City to install more surveillance cameras 

The cameras that already peer from 14 intersections in The City will have their ranks swollen in upcoming weeks after the Police Department’s civilian oversight body voted Wednesday to support installation of more devices.

The San Francisco Police Commission heard testimony from the Mayor’s Office of Criminal Justice asking for approval of $275,000 worth of new "community safety cameras" at seven intersections in The City. The commission approved six of those intersections, delaying a decision on cameras at 16th and Mission streets until Dec. 6 to allow for a community meeting called for by Supervisor Chris Daly.

The cameras first began to appear last year, when 33 were installed at 14 high-crime intersections citywide. At a cost of $450,000, the Mayor’s Office of Criminal Justice installed the first round of cameras as a pilot program in hopes that the cameras would serve as a deterrent to potential criminals.

But groups such as the American Civil Liberties Union are crying foul.

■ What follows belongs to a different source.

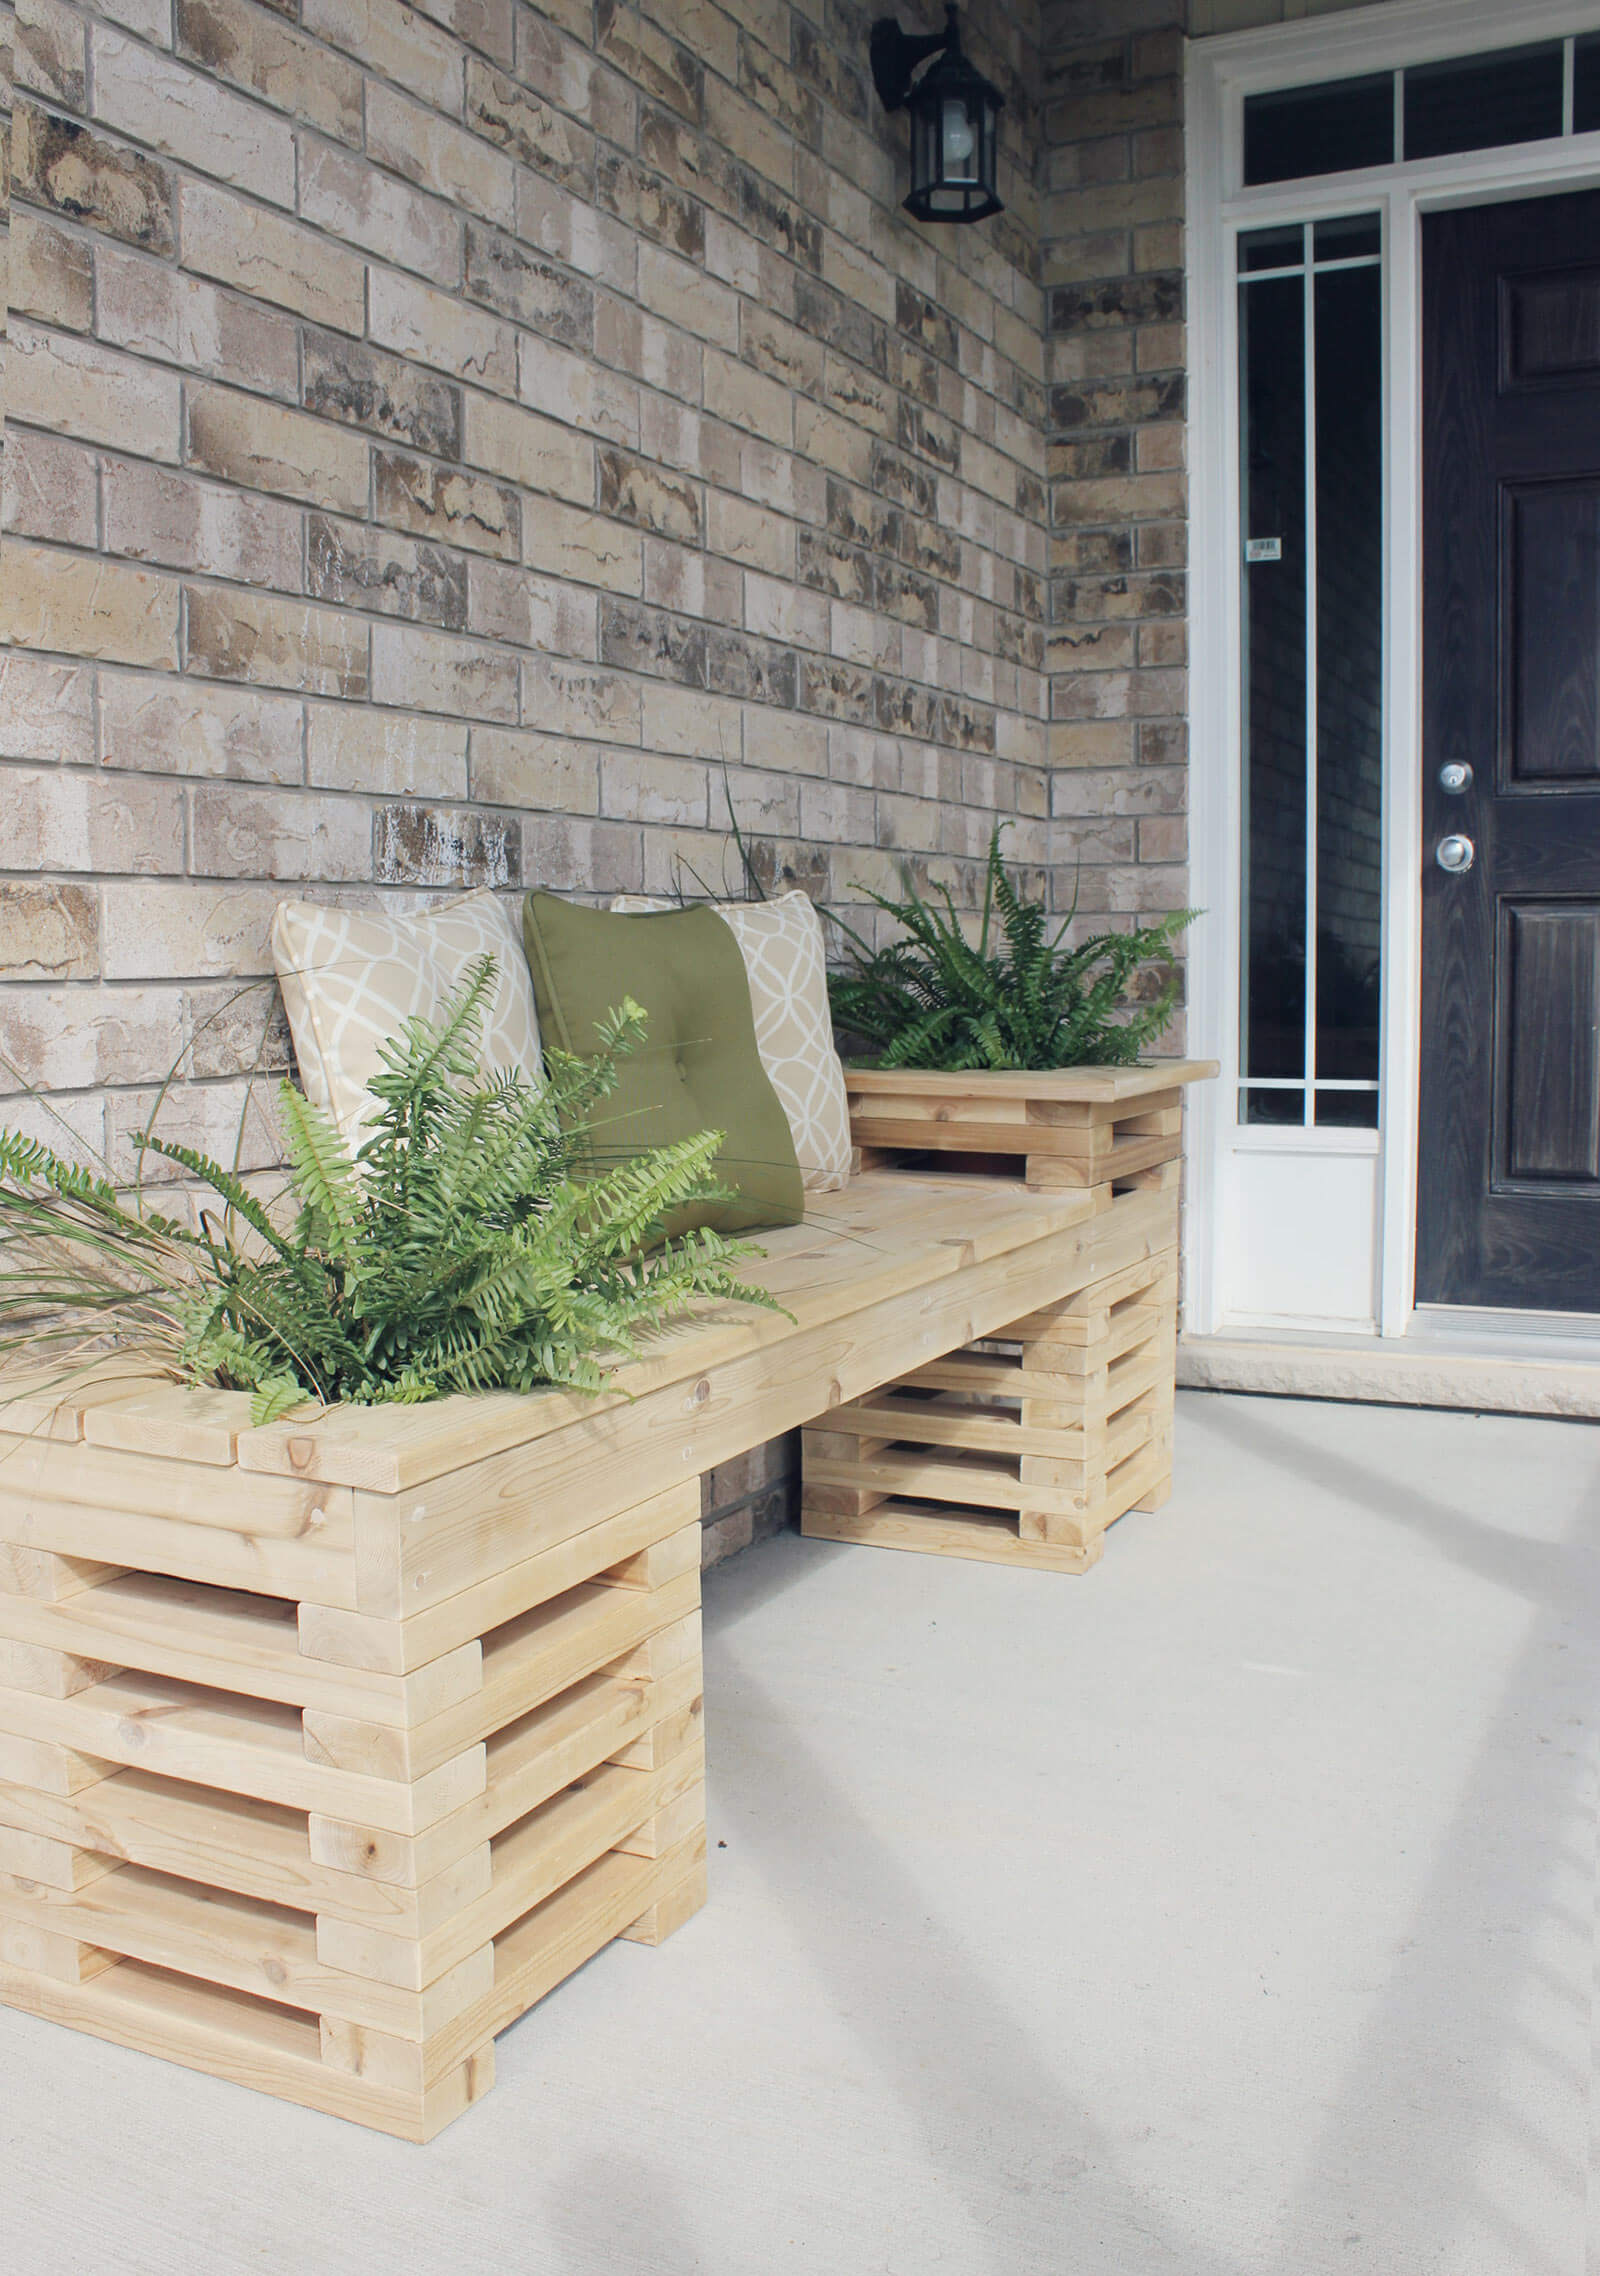 15 Lovely DIY Patio Bench Projects You Need To Make Before Spring

Police Practices Policy Director Mark Schlosberg said the cameras violate people’s First Amendment rights and their right to privacy. While they are intended only to capture the images of criminals, Schlosberg said, having the cameras at 24th and Mission streets and 16th and Mission streets would dissuade people from having political rallies at those popular sites.

Opponents of the new cameras also argued that they have not been proven effective. In an open letter to the commission, the ACLU cited a study by the Scottish Office Central Resource Unit that found that cameras had little impact on crime. The cameras’ benefit, Schlosberg said, is not worth their cost.

Many who spoke during public comment said they supported the cameras, however. A woman who did not want her name used summed up the essence of many speakers when she said, "My right to safety is far more important than my right to privacy."

While some commissioners had reservations about what Commissioner David Campos called a "Big Brother" society, they all supported the cameras in the end.

"As far as I’m concerned, you could put a camera on every single corner of the Tenderloin and it wouldn’t be enough for me," Commissioner Theresa Sparks said.